The proposer also has the following local variables:
acceptedPrepareCount This records how many acceptors have accepted the proposer's prepare request
seenAcceptedProposalNumber This is the highest proposal number that was returned in a response to a prepare message seen so far.
2.2 A question of identity
There is an assumption that the proposerAddress is absolutely unique and used only once with a single proposal. Put another way, each time a proposer is instantiated it conceptually created a universally unique address for itself that it will never re-use for any other proposals. That way when it receives a message it knows that the message is for it. This is important because otherwise a proposer could receive a message that got 'stuck' in the system for an old version of itself that was proposing something else and got re-used for this proposal.
Of course in practice one doesn't have to get anywhere near this fancy. Just sticking the proposalNumber being responded to in the ProposalAccepted message would a long way to taking care of the potential naming issues. But it would also make the diagram more complex.
It's interesting to speculate however as to what would happen if two instances of a proposer existed which had the same address. This is entirely plausible, especially in a distributed cloud environment. This isn't something the algorithm was designed for, there is an assumption that messages fined their way to the 'right' place, eventually. As long as messages don't get duplicated (which, for protocols like UDP is also entirely plausible) it's probably isn't a big deal but if message can get duplicated then the protocol could entire an 'impossible' state where two or more acceptors have accepted the same proposalNumber but with different values. That isn't a legal state in the protocol.

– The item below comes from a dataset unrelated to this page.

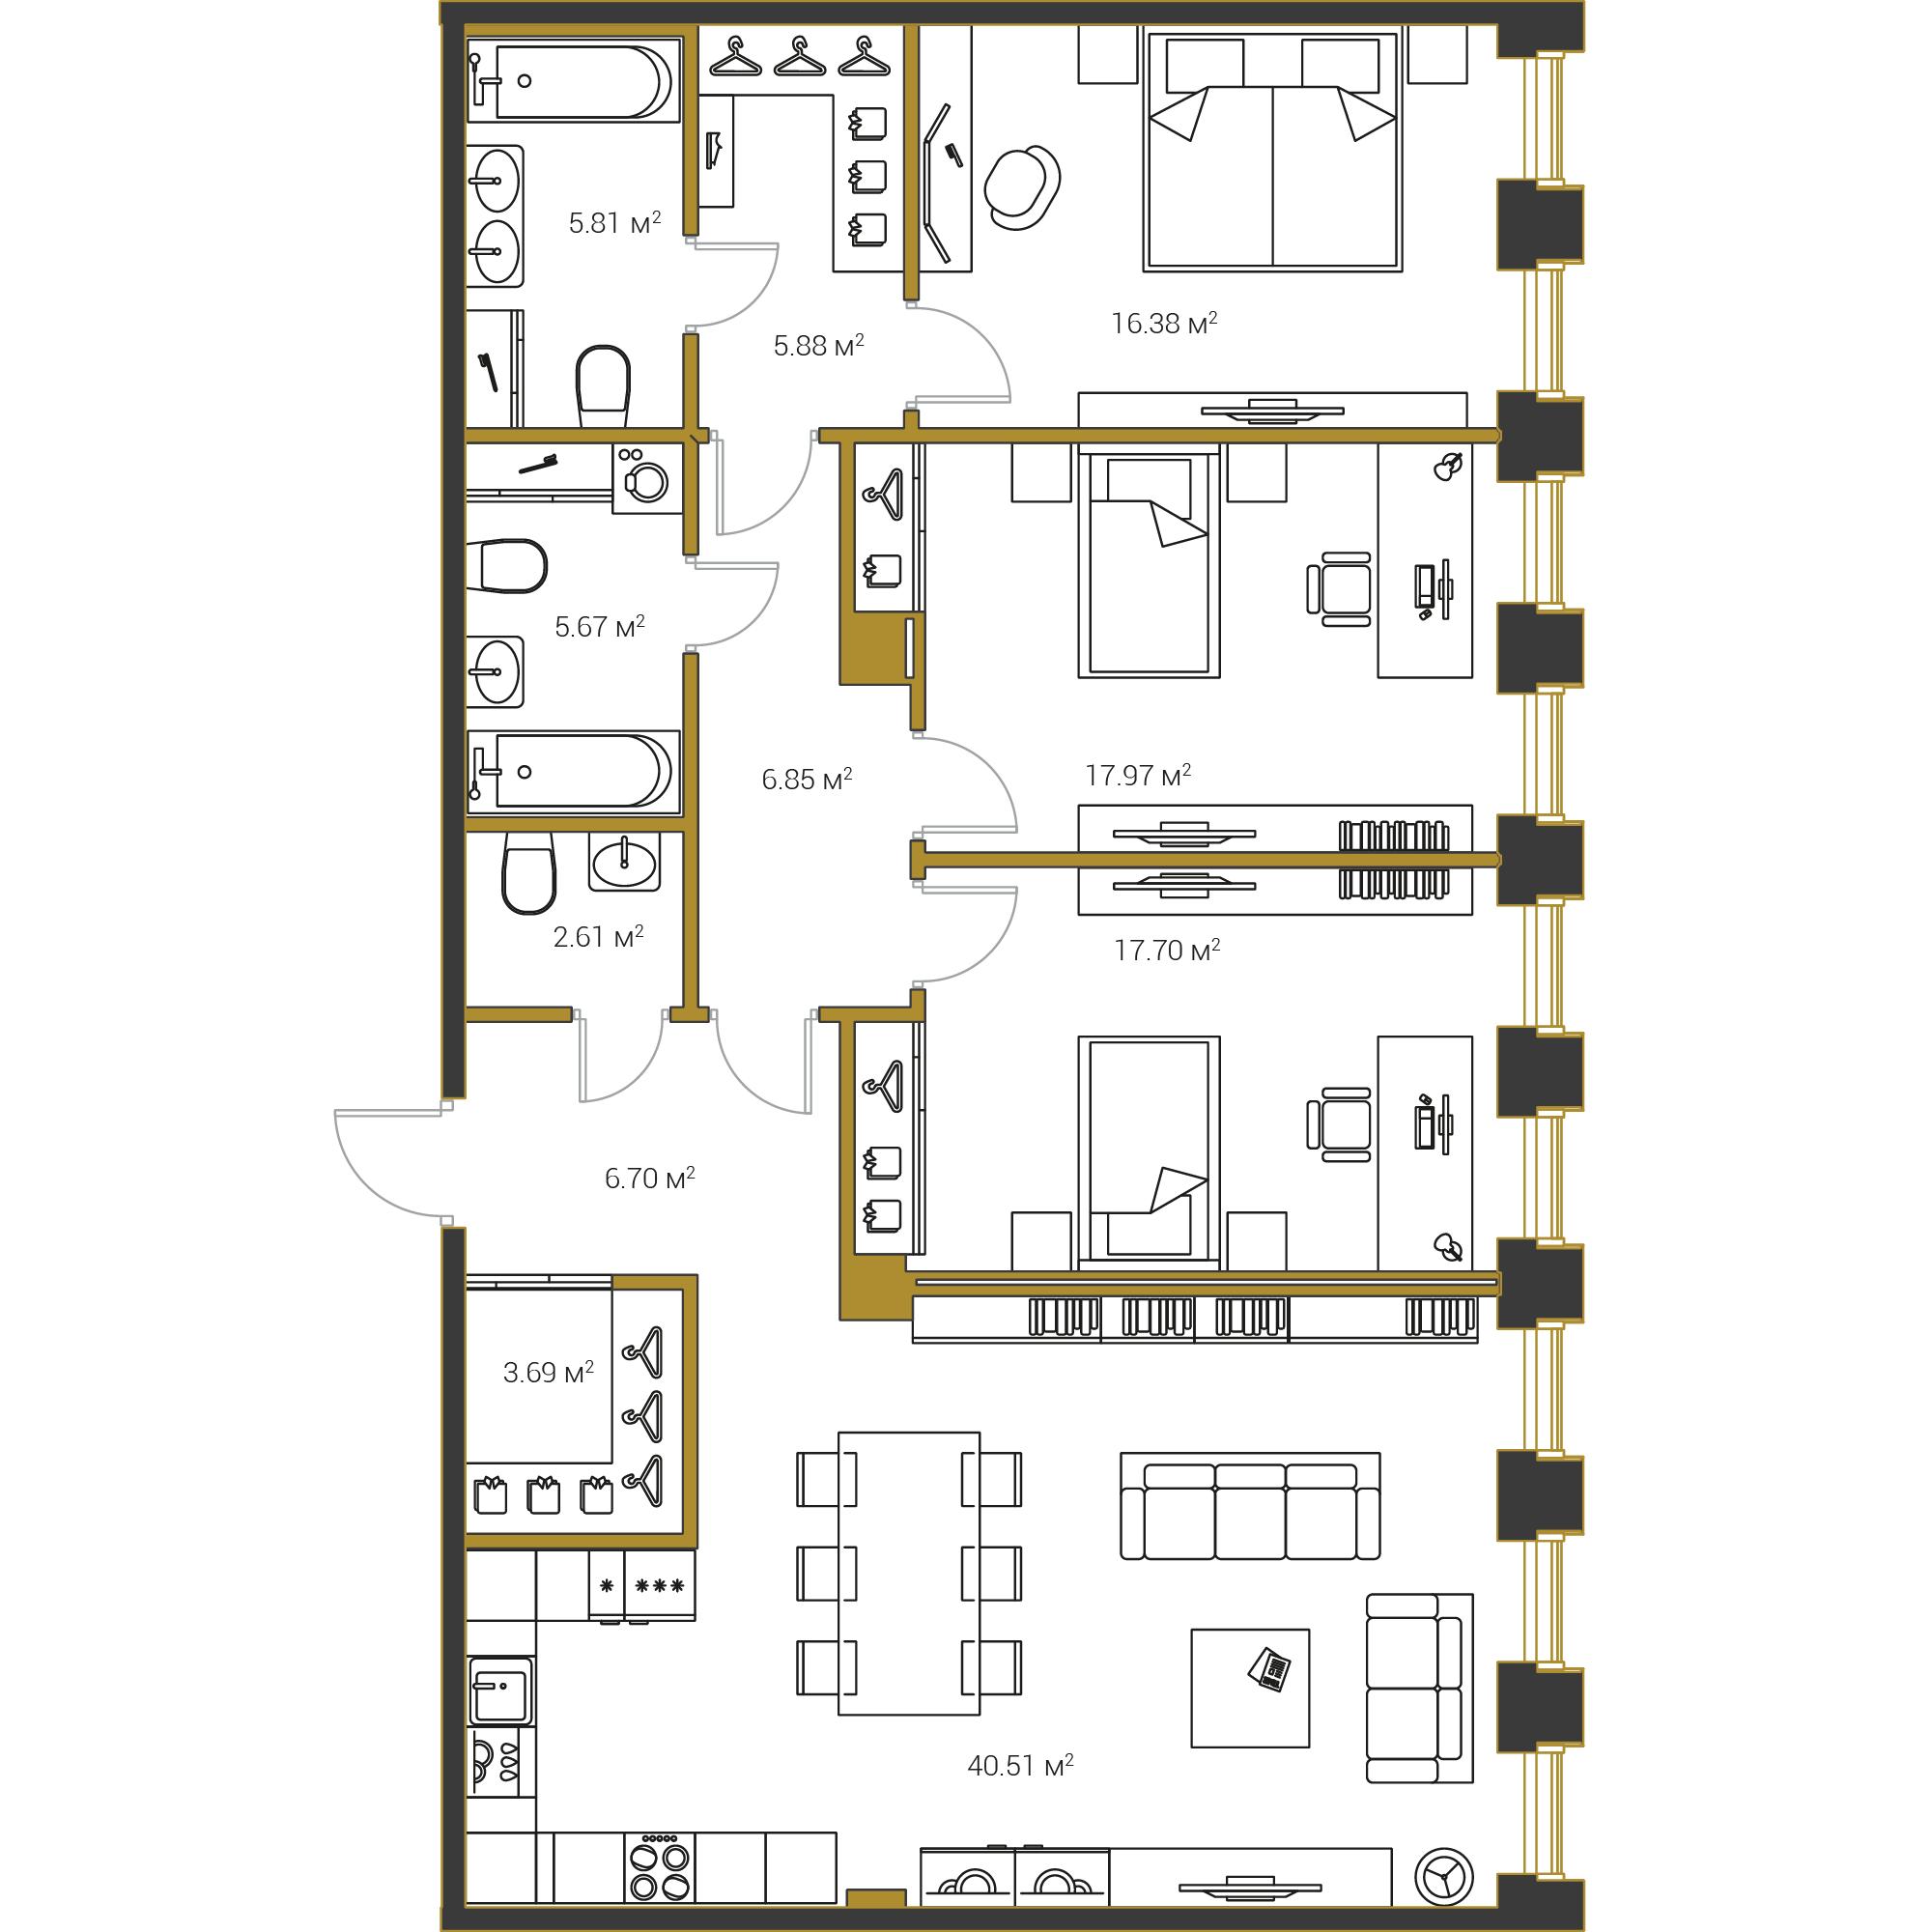 3-комнатная квартира №16 в: Институтский,16: 129.77 м²; этаж: 11 - купить в Санкт-Петербурге

The guard conditions at the start of AcceptPrepare and AcceptAccept should really be on the links and not in the states. But doing it 'right' made the picture enormous so I had to push them into the states for readability.
When an acceptor is created it is passed in:
learnersList Specifies the list of entities to notify when a value is accepted.
acceptorAddress The acceptor's own address, this is used when notifying learners
Other than talking about distinguished learners in the context of scalability the Paxos Made Simple paper doesn't actually say much about learners. So I've taken a very conservative approach and just assumed that learners just record what they learn, no more. There is one state variable, learnedValue. It's a dictionary where the key is an acceptor's address and the value is whatever value the acceptor has accepted. Presumably anyone who wants to use what a learner has learned would look at the dictionary and see if any value in the dictionary is quorate.